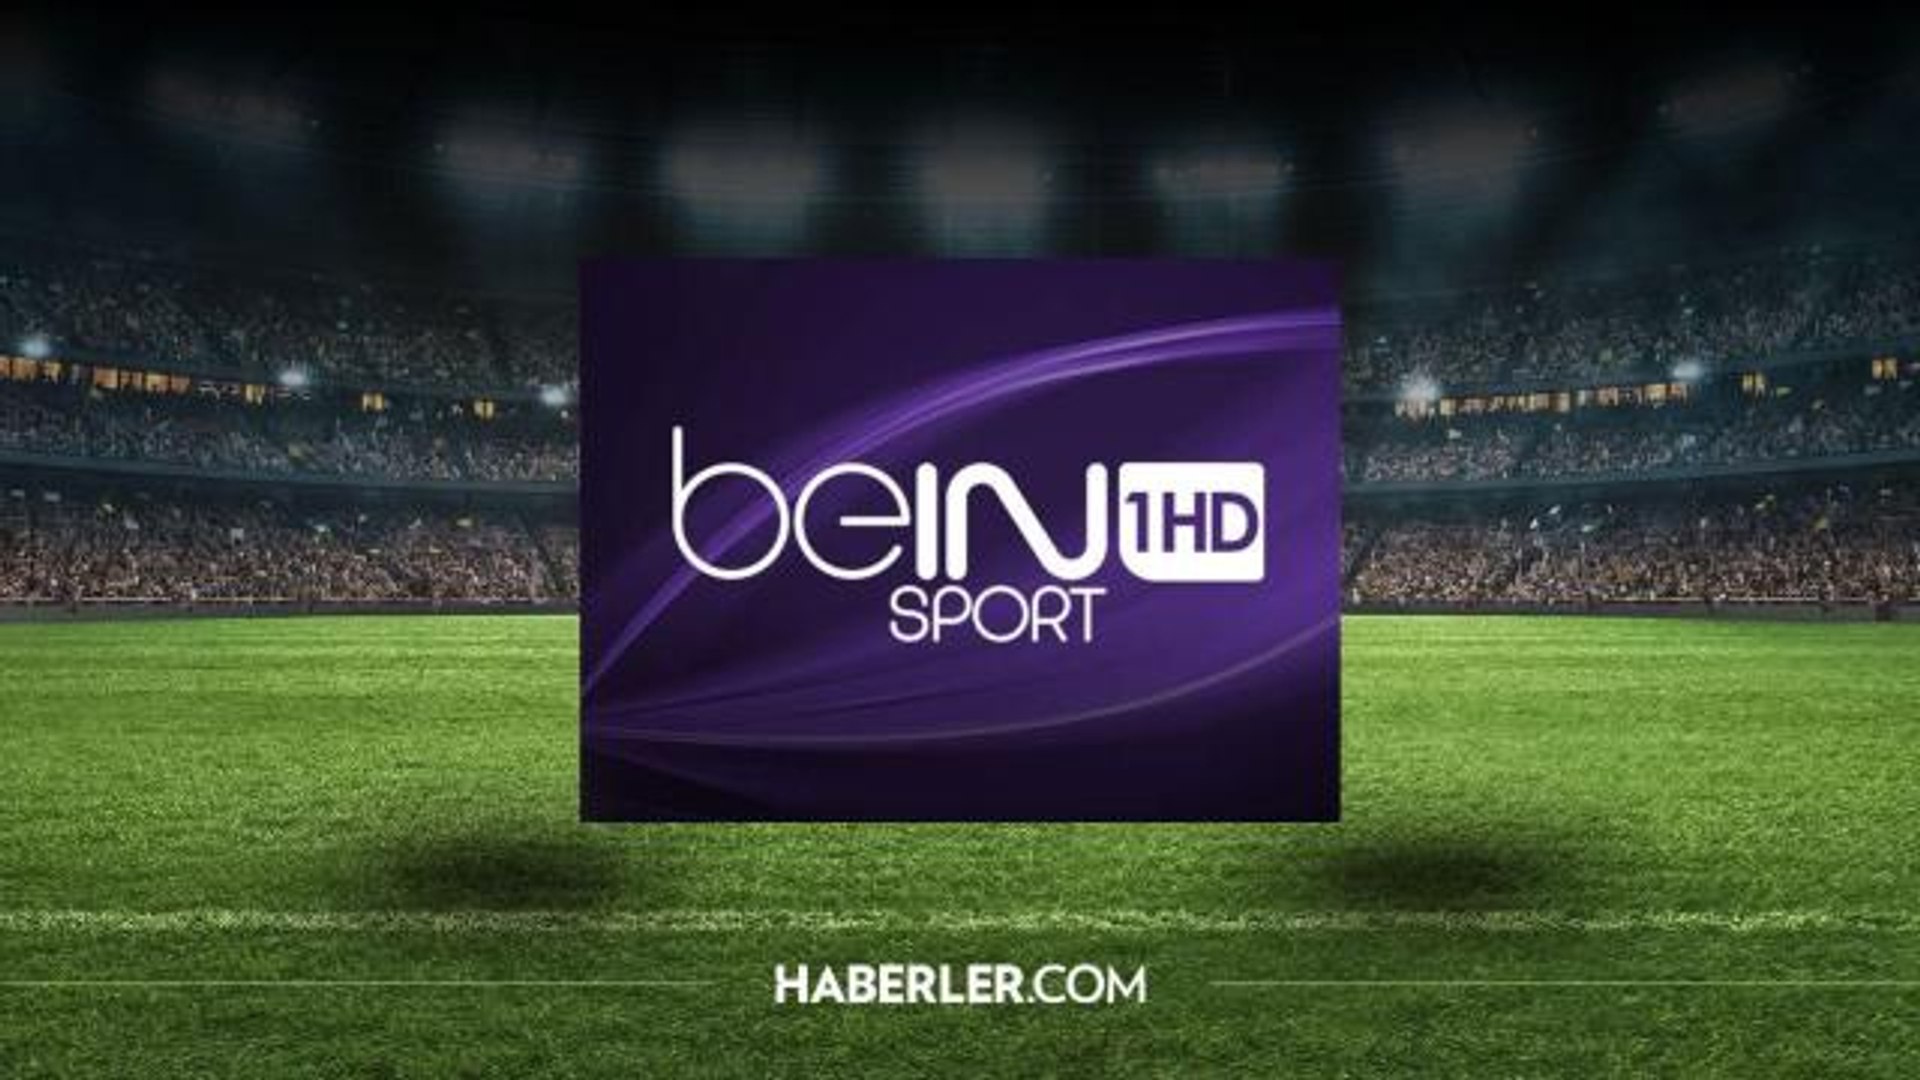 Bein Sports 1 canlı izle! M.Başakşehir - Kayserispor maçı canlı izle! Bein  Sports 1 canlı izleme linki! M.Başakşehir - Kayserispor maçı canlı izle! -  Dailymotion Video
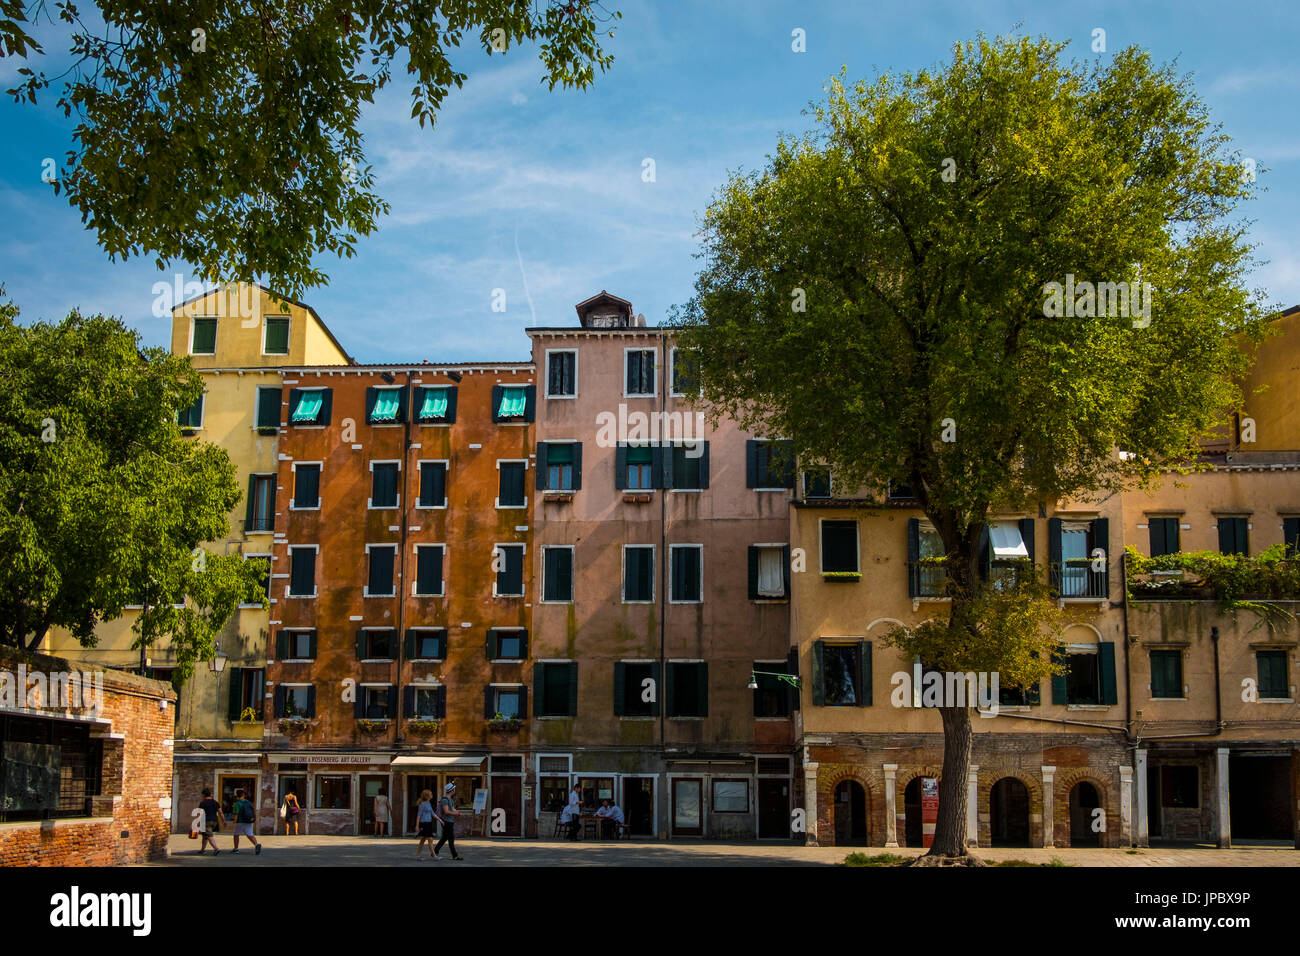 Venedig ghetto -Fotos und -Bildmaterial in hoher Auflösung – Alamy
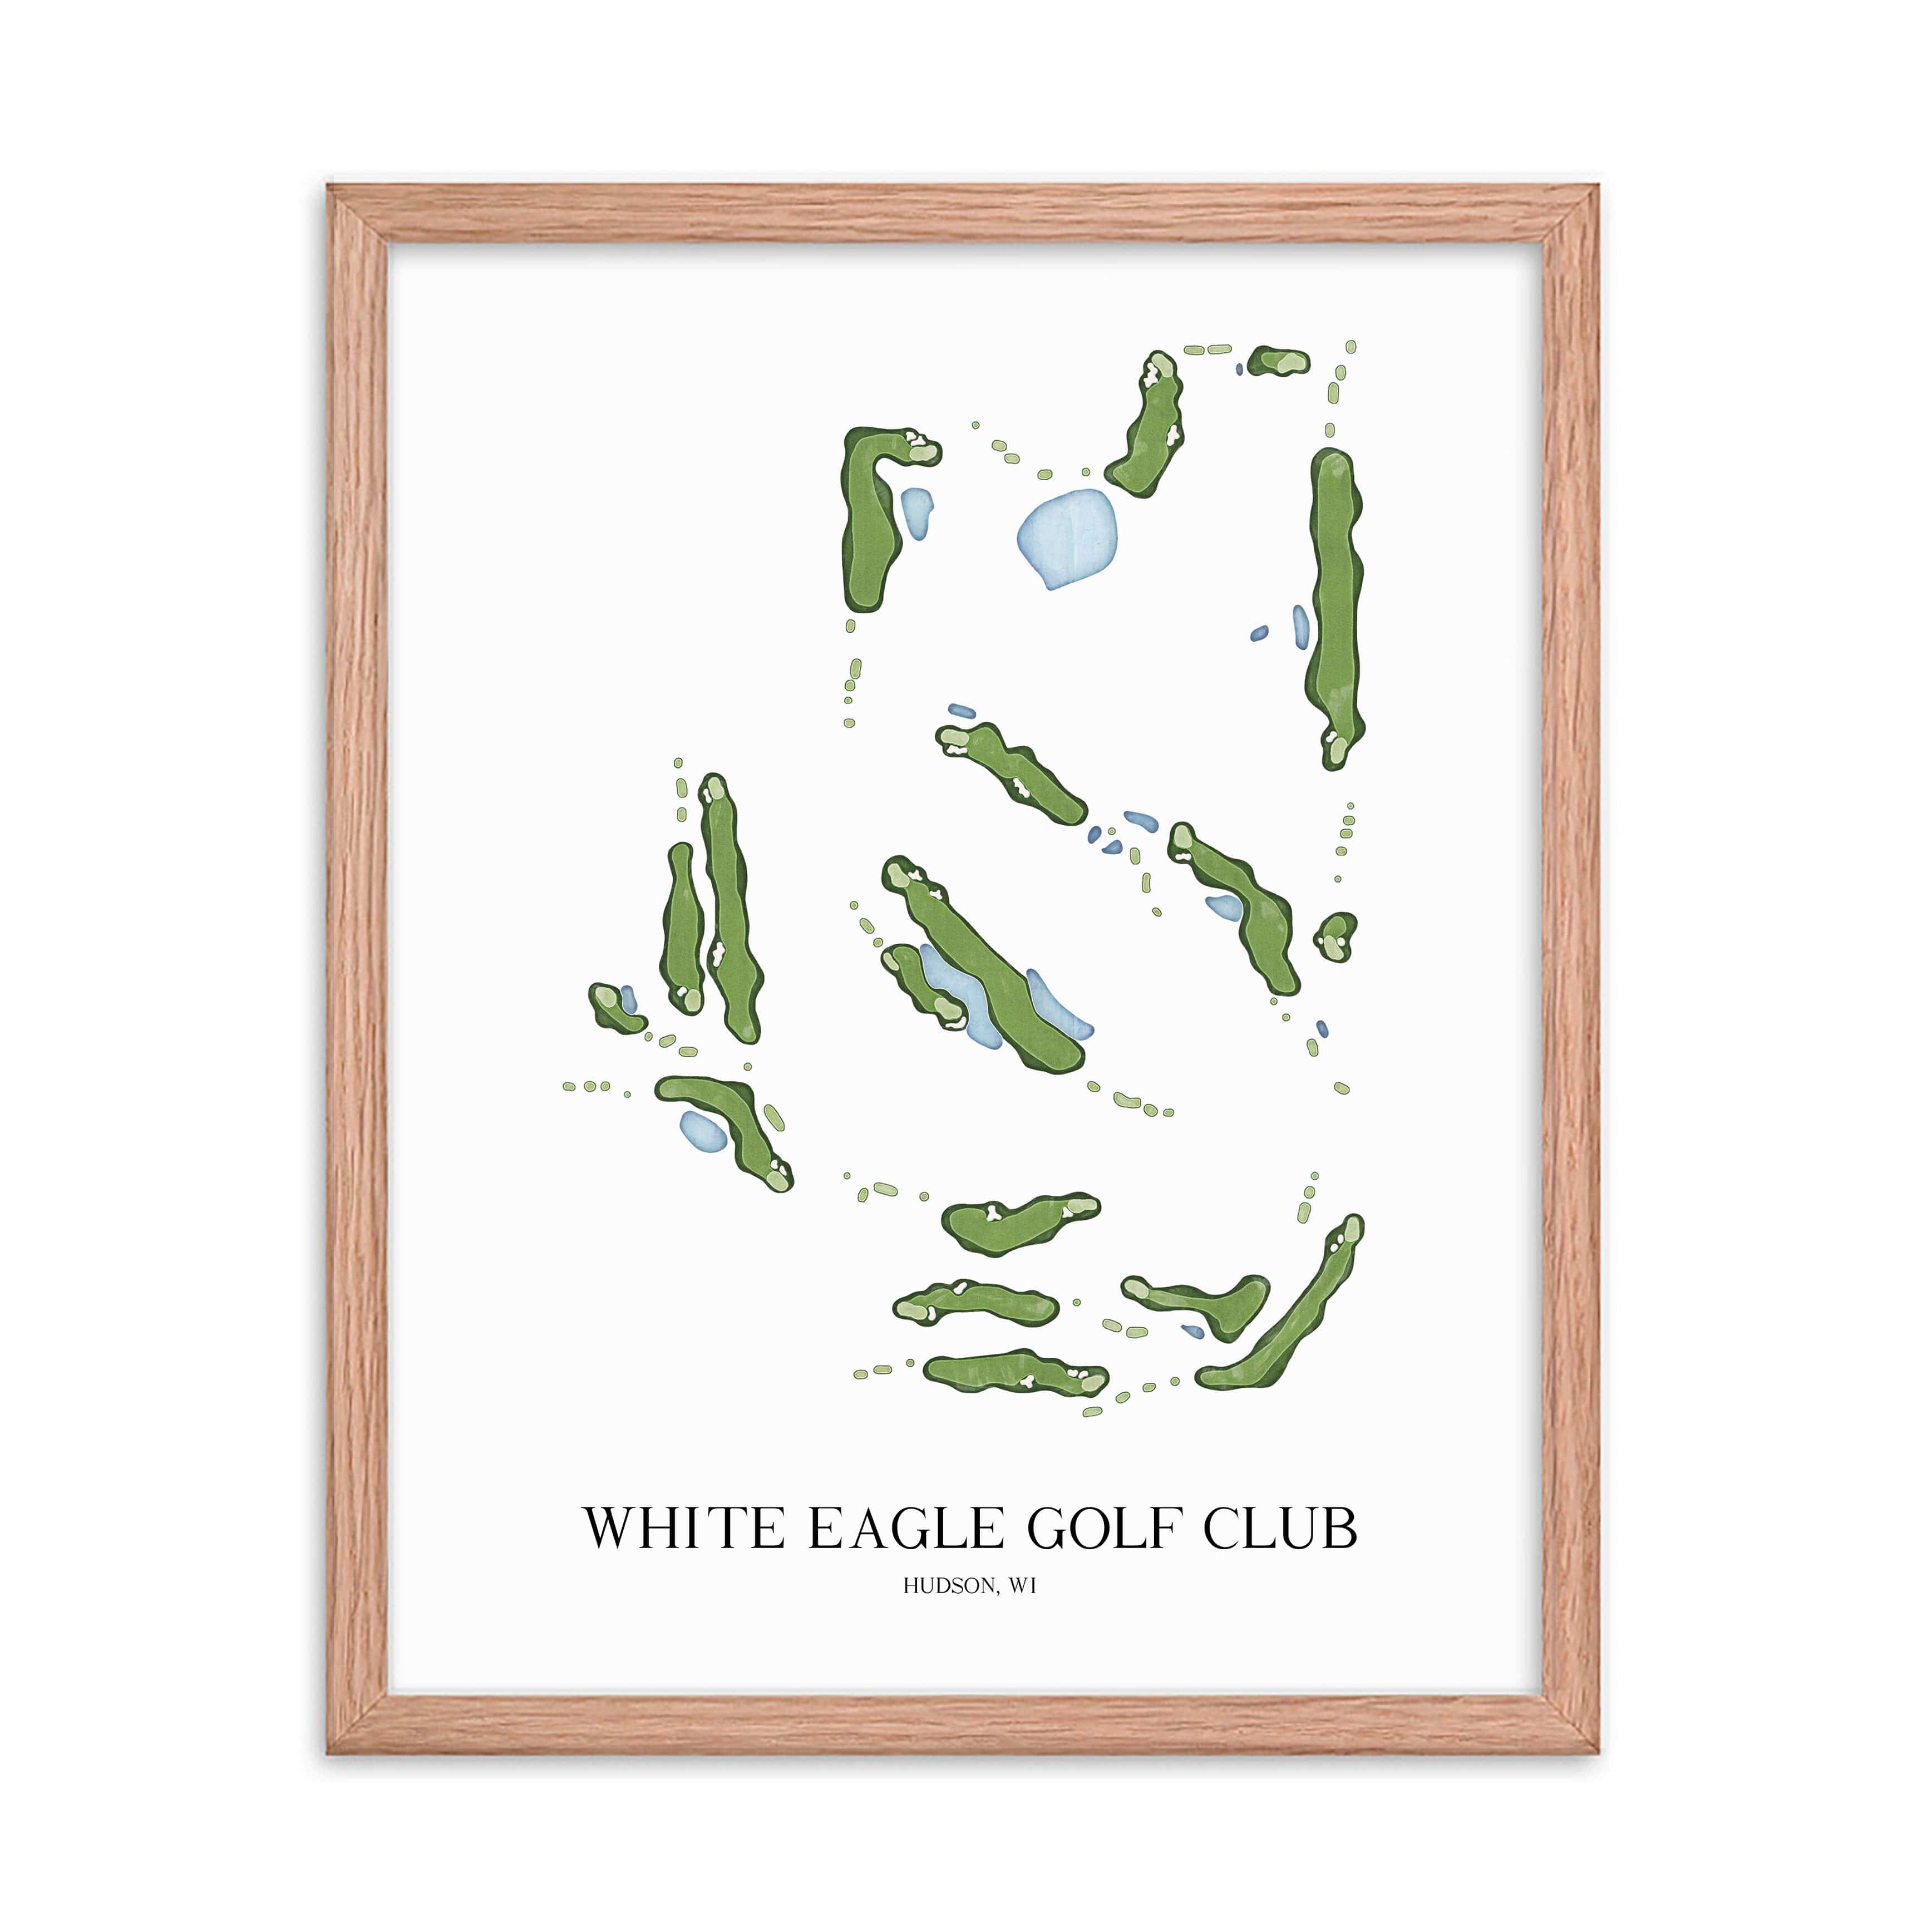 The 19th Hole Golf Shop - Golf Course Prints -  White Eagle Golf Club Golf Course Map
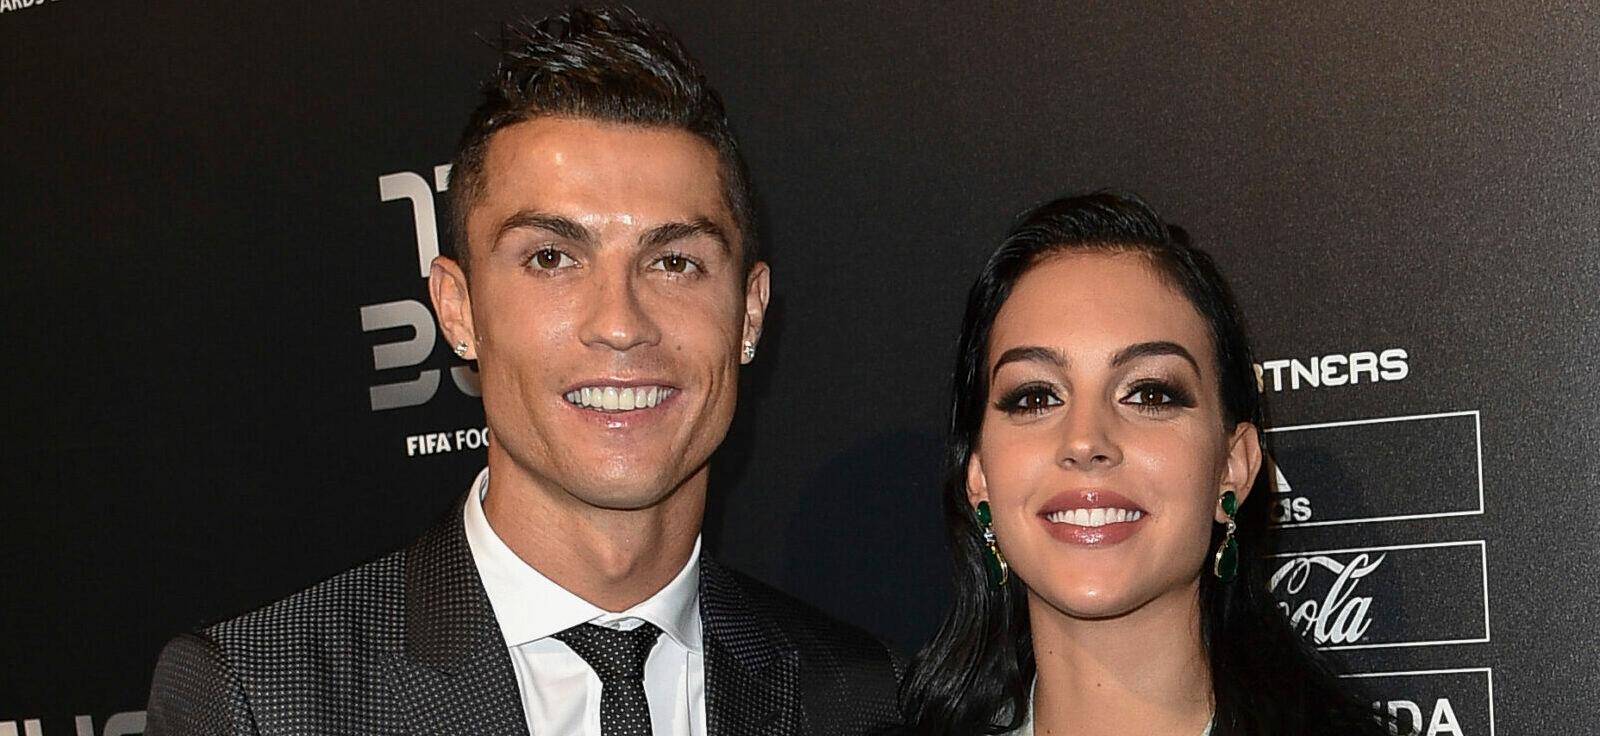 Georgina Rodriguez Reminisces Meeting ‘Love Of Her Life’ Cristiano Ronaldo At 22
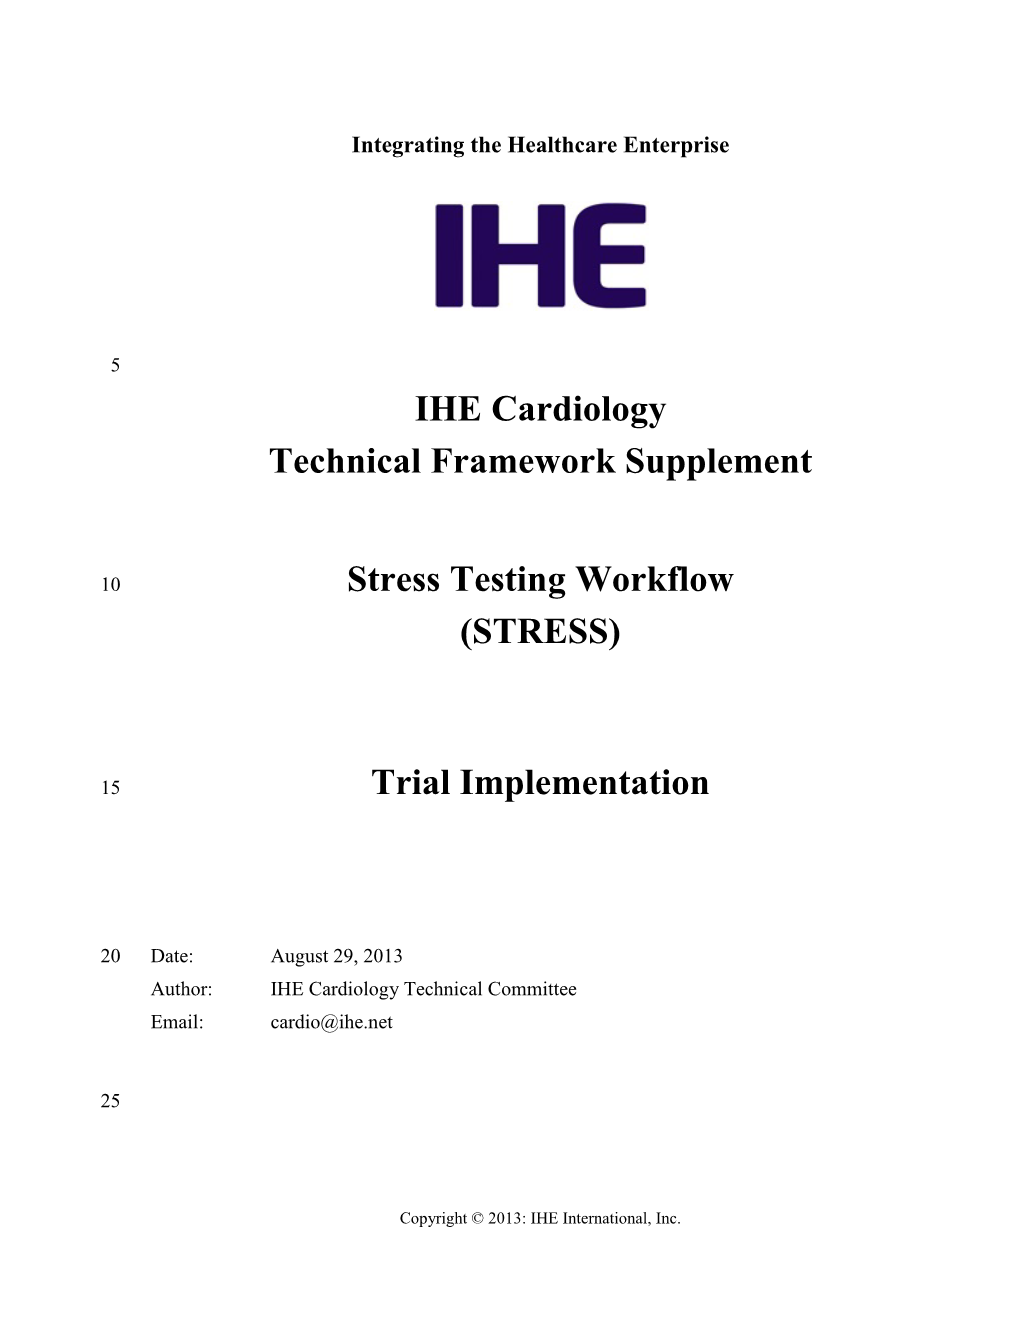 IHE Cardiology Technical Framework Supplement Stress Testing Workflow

**What needs to be done:**
Starting at the line that contains "The 19th Hole", extract each line through the last line of the material exactly as written, and include no pictures.

**Exercise output:**
 The 19th Hole Golf Shop - Golf Course Prints -  White Eagle Golf Club Golf Course Map
 Georgina Rodriguez Reminisces Meeting ‘Love Of Her Life’ Cristiano Ronaldo At 22
 IHE Cardiology Technical Framework Supplement Stress Testing Workflow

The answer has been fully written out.